Фирменный знак, который показал мне Рами, был очень лаконичен и мне понравился.
– Сейчас она принадлежит другим людям, – продолжал Рами, – и имеет совсем другой логотип. Как ты смотришь, если мы ее назовем ГУР и возьмем нашу старую эмблему?
– Рами, мне это нравится, и если ты говоришь, что у нас не будет проблем с этим знаком, то я согласен.
Обсудив со мной эти вопросы, Рами и Моше куда-то удалились.
В их кабинете я провел более двух часов, не зная, чем себя занять. По всей вероятности, этот офис был не их. Здесь им была предоставлена одна комната, картину над столом в которой я был вынужден разглядывать все это время. Каждый из них периодически заходил сюда, брал какие-то бумаги и уходил, не обращая на меня никакого внимания.
В начале июня я их обоих в очередной раз встретил в Пулково и привез на фирму.
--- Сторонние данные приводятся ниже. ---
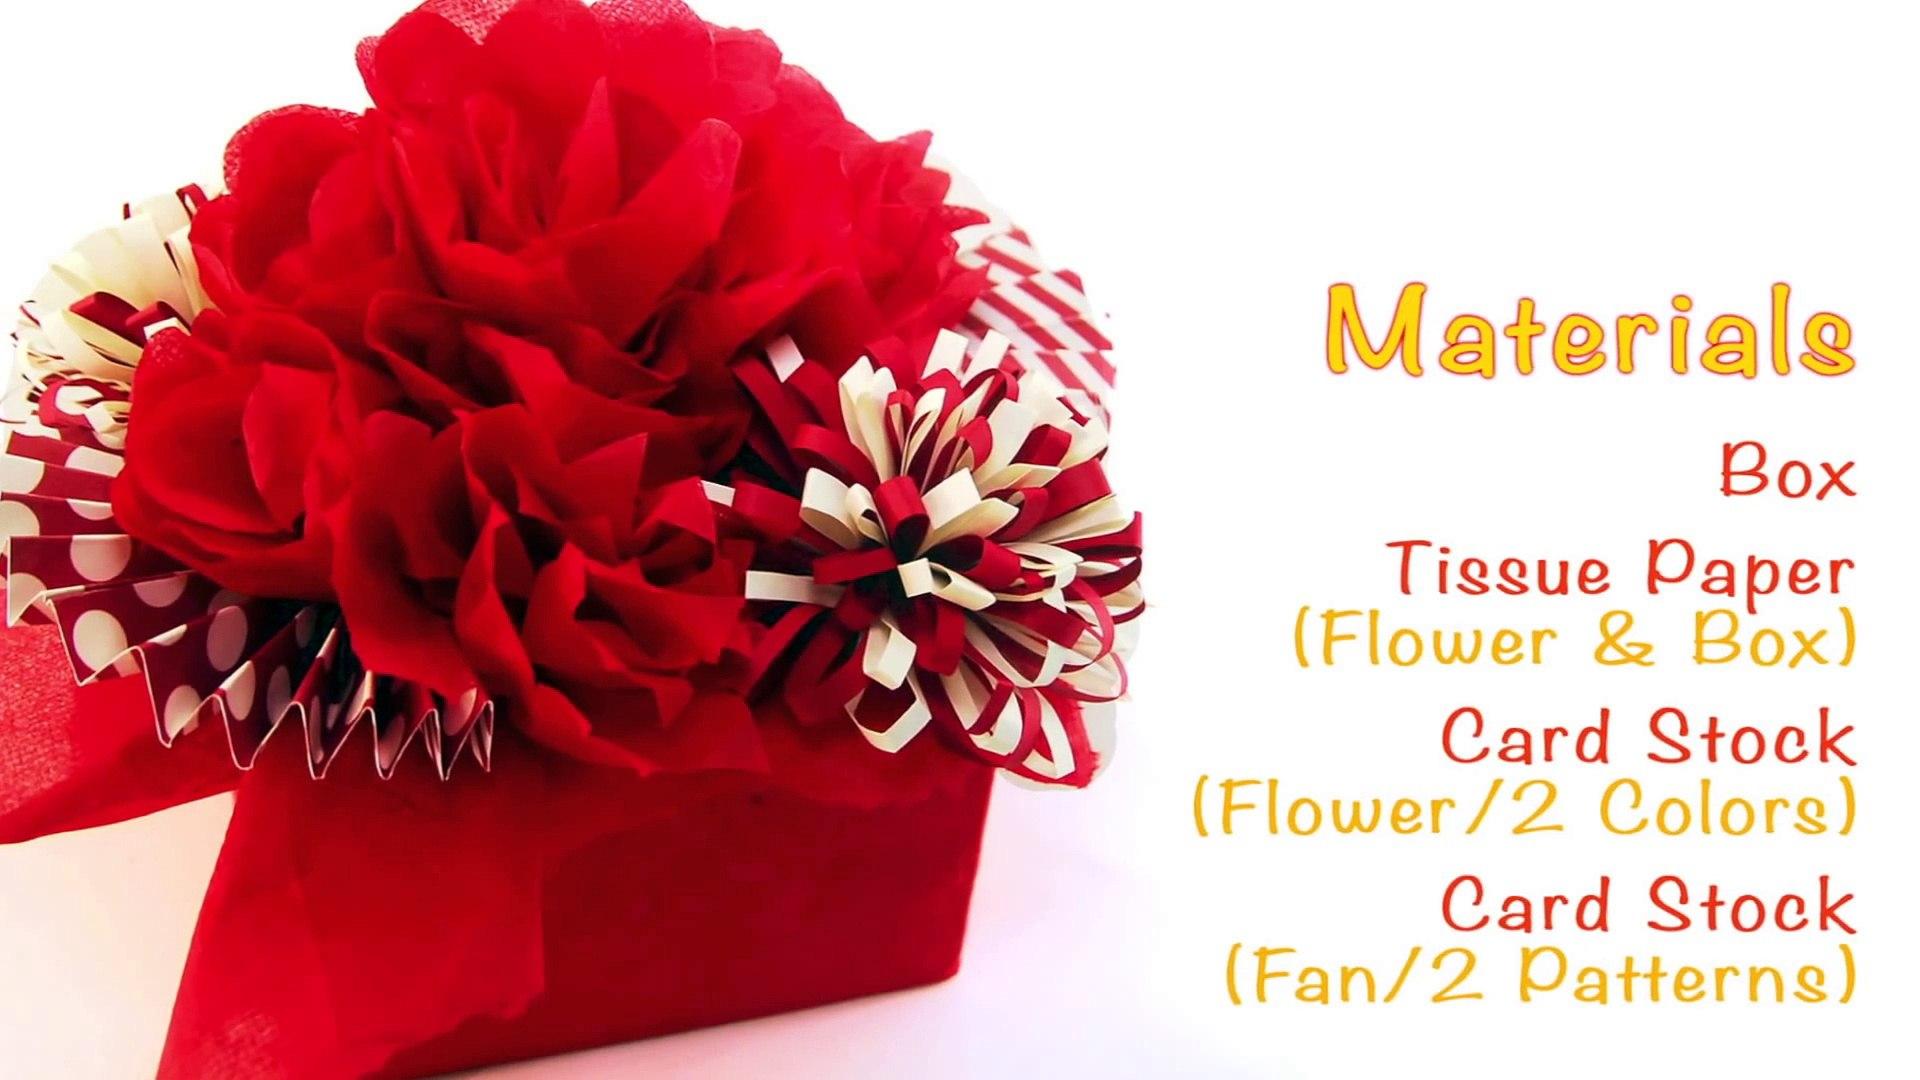 How To Make a Flower Vase at Home ¦ Making Paper Flower Vase ¦ DIY ... | 1080x1920

Во время разговора мне стало ясно, что в Минске у них все рухнуло и они опять обратили внимание на фильтры.
– Борис, ты раньше предлагал нам сделать с тобой СП, но мы не шли на это, проверяя тебя, – не только русский язык Моше помогал ему объяснить их позицию, но стиль его разговора вызывал какое-то доверие. Ему хотелось верить, хотя разум подсказывал не торопиться.
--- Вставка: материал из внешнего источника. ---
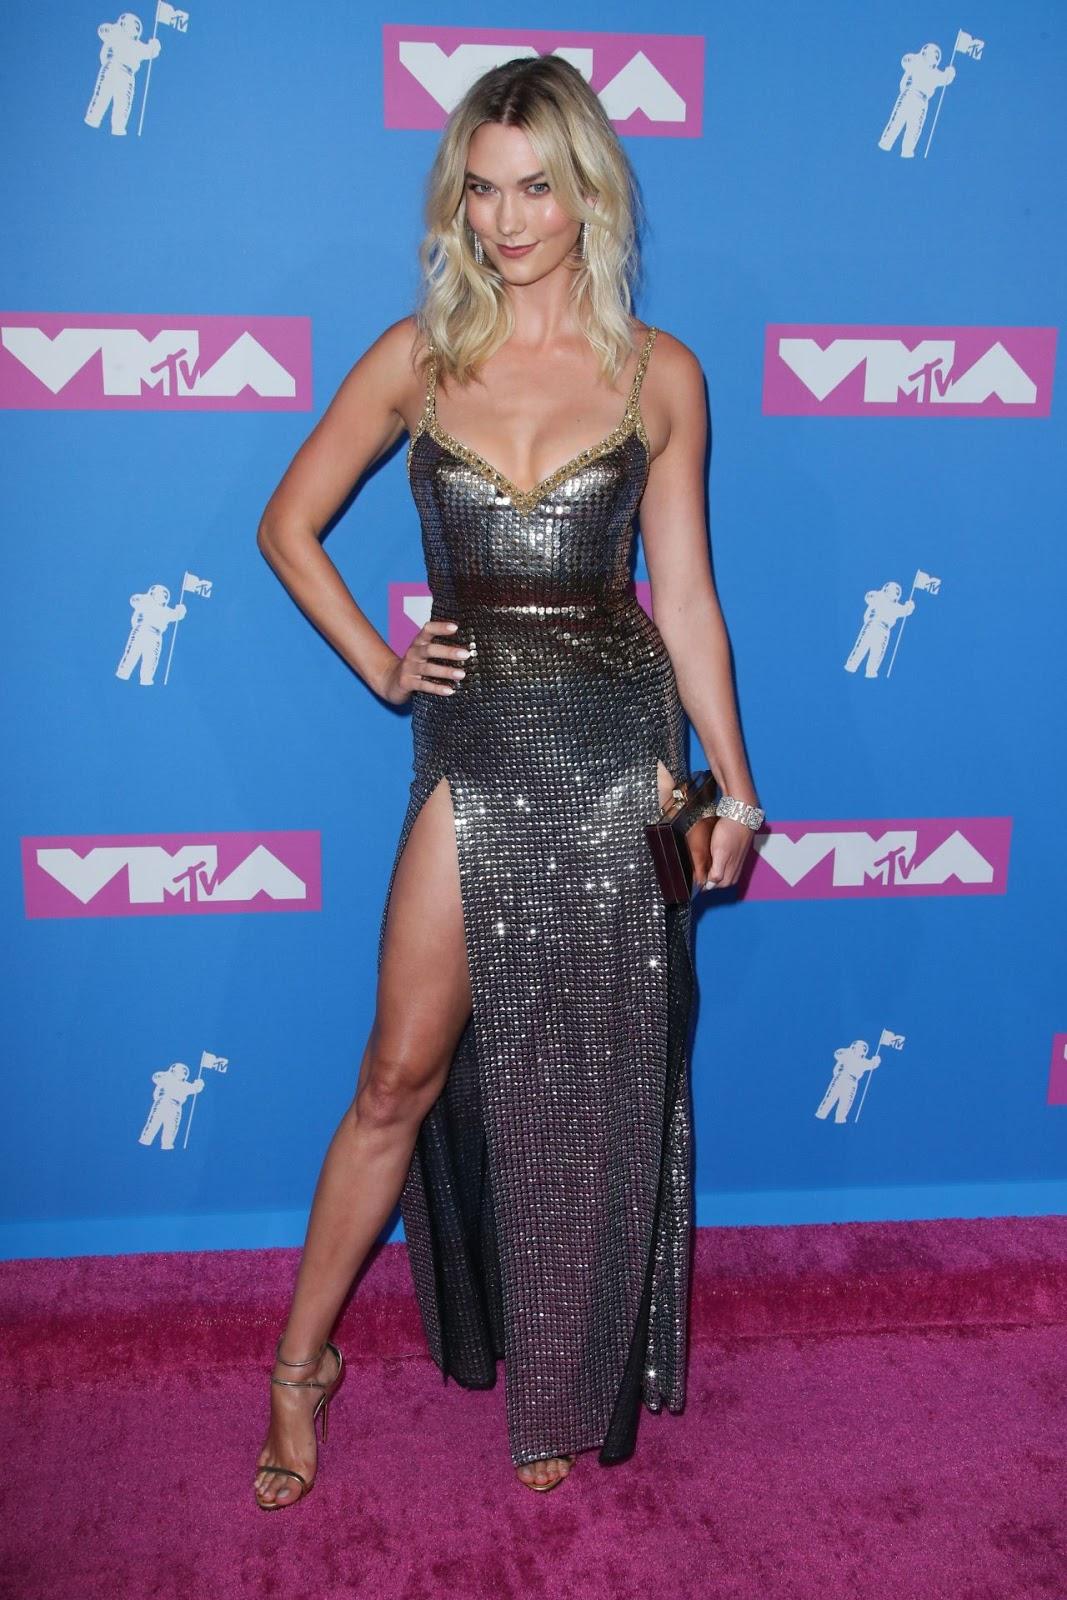 Karlie Kloss flaunts cleavage at the 2018 MTV VMAs

– Сейчас мы к этому готовы, – продолжал он, – об этом нашем решении ты узнал еще в Израиле. Нам бы хотелось понять тебя и как ты все это видишь.
– Я хочу, наверное, то, что и вы, – иметь настоящий завод фильтров. Сейчас фильтры производятся на трех независимых площадках. Литье делал сам, часть его поставляли из Гатчины, сборка фильтроэлементов у слепых на «Контакте», а подготовительные и окончательные операции у нас.
Я был готов к этому разговору, давно ждал его и поэтому продолжал:
– Нам нужно все сконцентрировать в одном месте, но для этого потребуется совершить массу серьезнейших действий. Найти лучшее сырье и отработать технологию его переработки. Закупить дорогие термопласты и прессы, научиться изготавливать у себя прессформы и штампы. Для монтажа такого объема оборудования требуются новые цеха или хотя бы реконструкция старых. На все это необходимы финансовые вложения.
– Как ты думаешь, Борис, сколько может потребоваться денег? – выслушав меня, спросил Моше.
– Для этого, конечно, требуются серьезные деньги, но ведь сразу все не надо, – я старался подробно объяснить им мою логику. – Разберемся с сырьем и технологией, сами сделаем под нее специальное оборудование. Найдем, где взять термопласты по хорошей цене – купим для начала один. Прессы подберем на заводах, где они простаивают. Все это быстро даст отдачу и увеличит наши прибыли, которые тут же все вложим в дело.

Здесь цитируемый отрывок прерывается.